CloverETL's Blog

February 3, 2010

InfobrightDataWriter component

Filed under: Using CloverETL — Tags: , , , , — Agata Vackova @ 8:40 am

In response to customer requests we created a new component that writes data into Infobright software, a very popular column-oriented relational database. The CloverETL’s just released version 2.9 offers this new InfobrightDataWriter component.

Infobright is a highly compressed column-oriented database, based on MySql engine. In this database data are stored column-by-column instead of more typically row-by-row. There are many advantages of column-orientation, including the ability to do more efficient data compression and allowing compression to be optimized for each particular data type. The higher efficiency can be achieved because each column stores a single data type as opposed to rows that typically contain several data type. However the main purpose of Infobright software is to deliver a scalable data warehouse database optimized for analytic queries.

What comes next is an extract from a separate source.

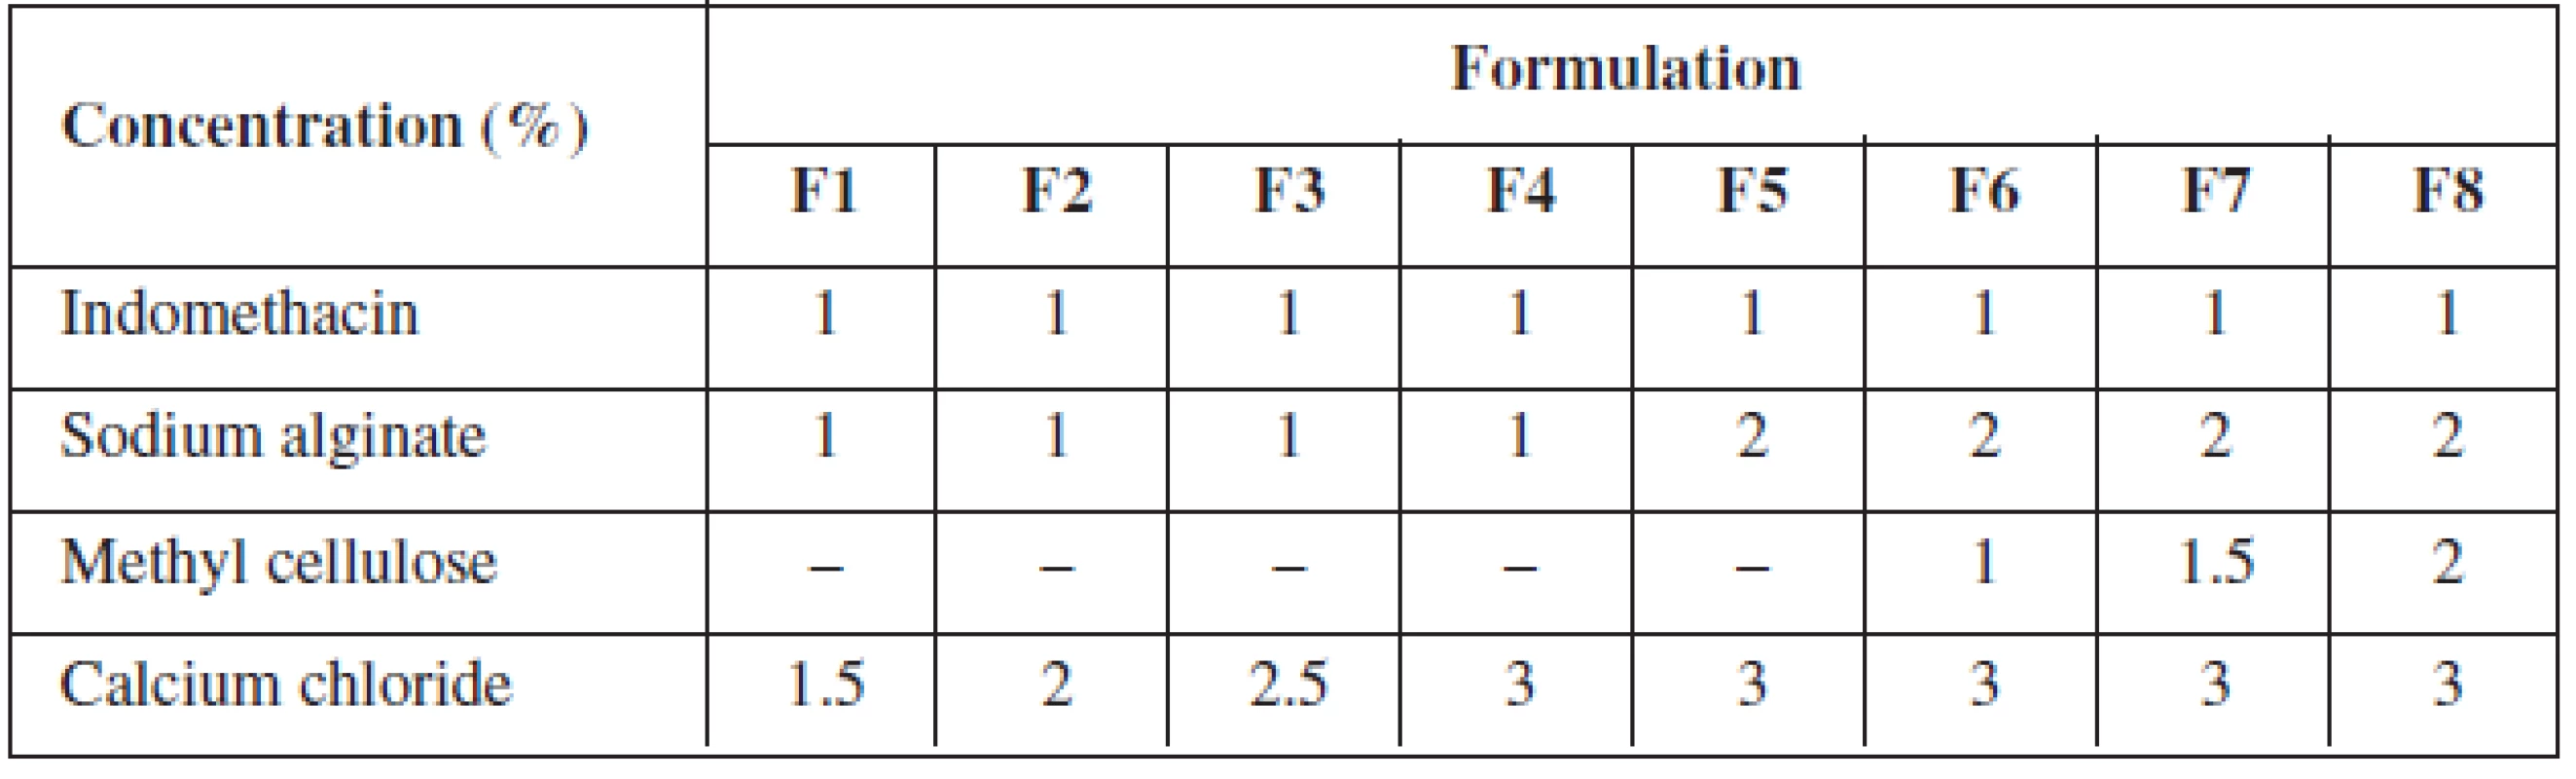 Formulation chart of gels for indomethacin microspheres

Our new InfobrightDataWriter component allows to easily load data into Infobright database directly from CloverETL transformations. It can be used both with Infobright Community Edition (ICE) as well as with Infobright Enterprise Edition (IEE). With IEE it is possible to use fast data loading in binary format. In binary format particular rows aren’t separated by any special character and there are no values’ delimiters or qualifiers either.

The connector uses named pipe for data transfer. In Linux systems it is system pipe, on Windows you need native library placed on the Java library path. The library is part of  infobright-core-vX_X package that can be downloaded from Infobright site (Download Contributed Software).

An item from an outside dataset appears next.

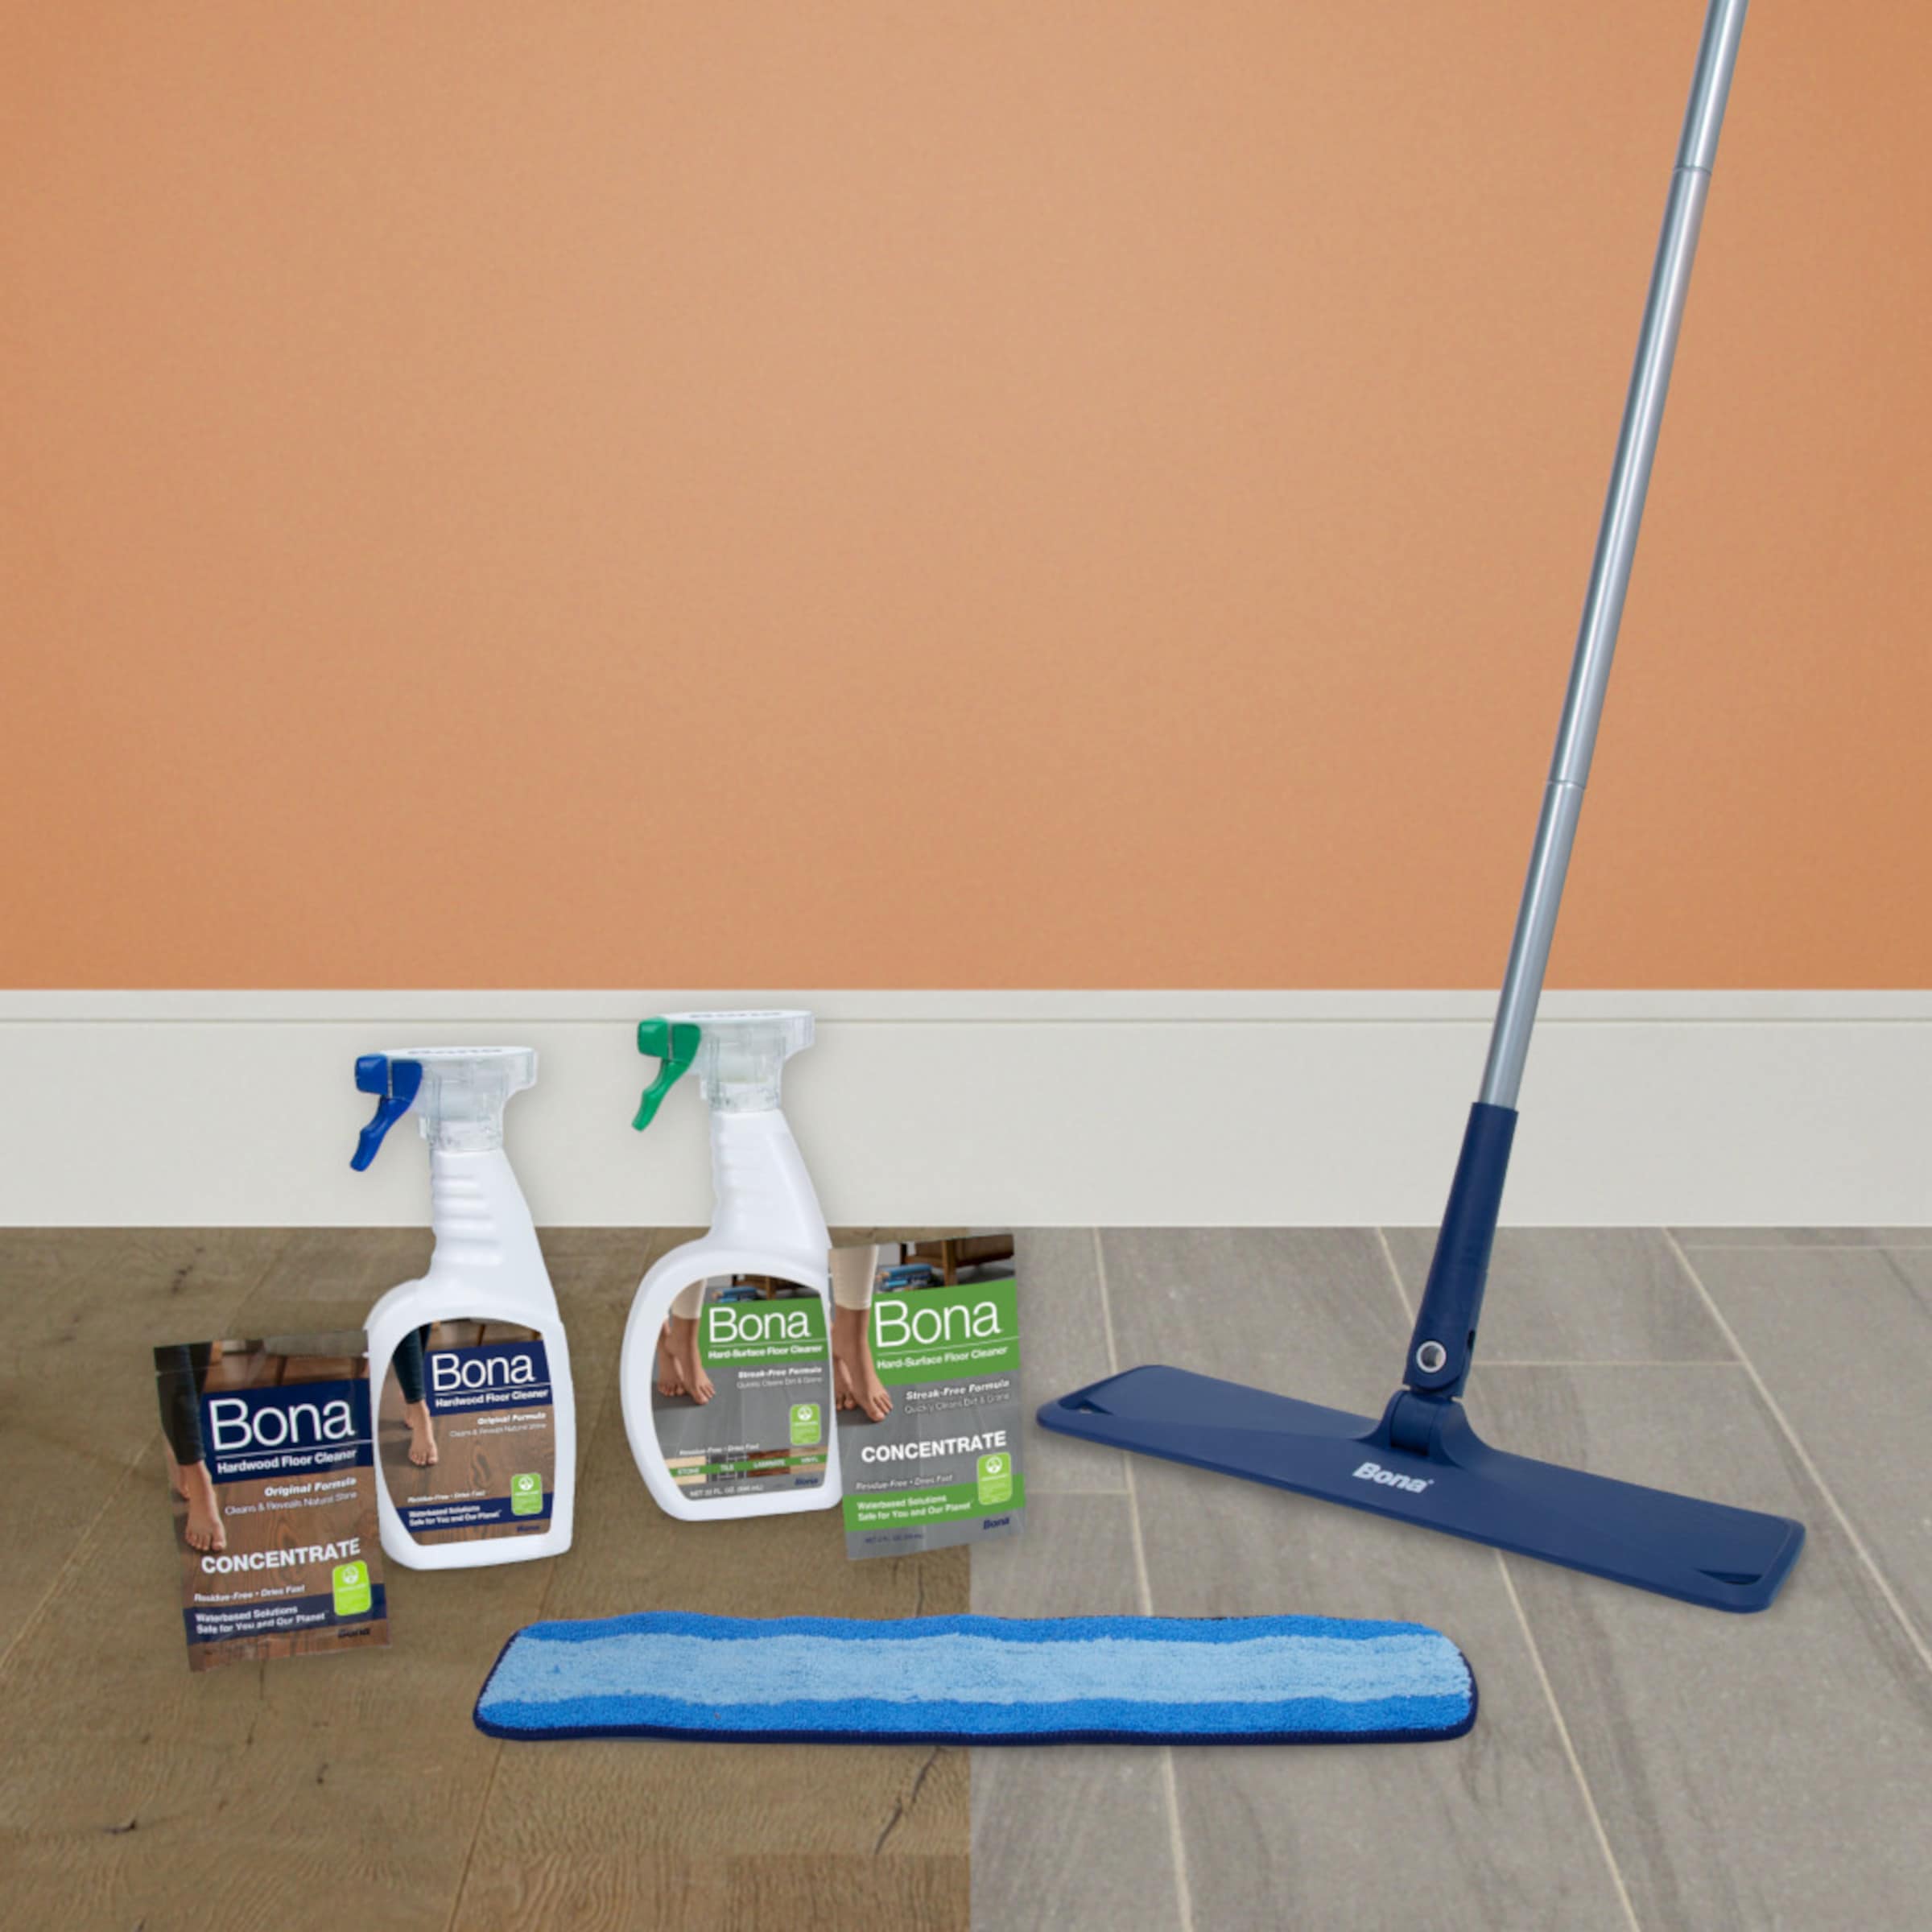 Bona Spray Mop, Premium, for Hardwood Floors, Original Formula

For remote load it is necessary to start Infobright remote load agent on the server where Infobright is running (part of infobright-core-v3).

Example graph:

InfobrightDataWriter configuration:

The above graph loads data from selected input fields (“Clover fields” attribute) to database table test (“Database table” attribute) on remote server. It uses fast binary method of data loading (“Data format” attribute). Data loaded into database can be sent to output port. Input metadata has free format but the output one has to meet certain conditions:

  • comma as a field delimiter
  • system new line ('\n' for Linux, '\r\n' for Windows) as a record delimiter
  • date/time formatting: yyyy-MM-dd HH:mm:ss (can be date only, time only or both)

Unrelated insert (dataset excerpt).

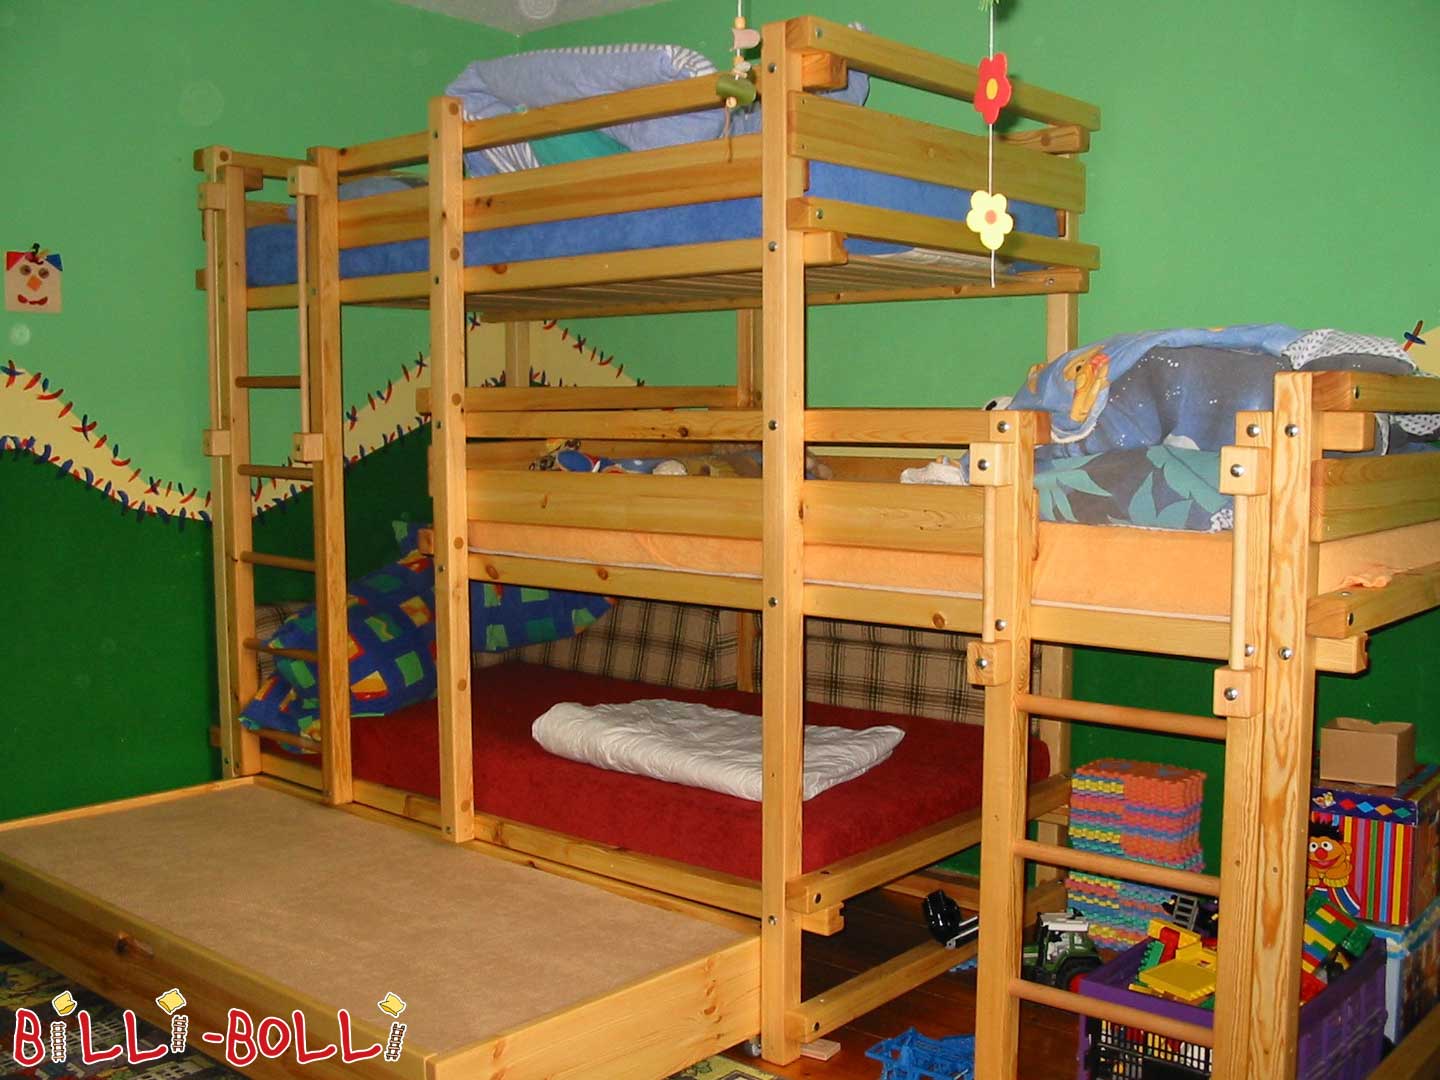 Quadruple bed (Category: second hand kids’ furniture)

As we load data to the remote server, the Infobright agent must run on the server. To start the agent we need to call:

java -jar infobright-core-3.0-remote.jar -p 6666 -l all

The port the agent is listening to must be the same as the agent port set on the component (“Remote agent port” attribute).

Full description of the component can be found on CloverETL’s wiki pages (InfobrightDataWriter component).

February 1, 2010

CloverETL version 2.9 was released. It adds Infobright Data Writer, Web Services component and other new features.

Filed under: Developing Clover — Tags: , , , , , — lucieopensys @ 10:18 am

New CloverETL version 2.9. was just released. This version brings a new Infobright Data Writer component, enhances the connectivity by adding Web Services component and adds features that simplify common data transformation tasks.

New Features and Components:
Infobright Data Writer
In response to customer requests, this component writes data into Infobright software, a column-oriented relational database. Infobright is a provider of solutions designed to deliver a scalable data warehouse optimized for analytic queries.

Web Services component
The new component makes communication with Web Services easier than ever. It provides user friendly graphical interface for mapping your data into Web Service fields, automatically generates requests and process responses. It offers faster, easier and more comfortable way to interact with remote Web Services.

Reading formatted values from XLS
Additionally to reading plain data from MicrosoftTM ExcelTM sheets, the Excel component is now also capable of reading user-formatted values such as currencies, dates or numbers.

New tracking option
Customers can now see all absolute speed rates for finished data transformations, facilitating comparative analysis in pursuit of process improvements.

New Aspell Lookup table
Brand new implementation of this component brings better performance, improved configuration and better customization.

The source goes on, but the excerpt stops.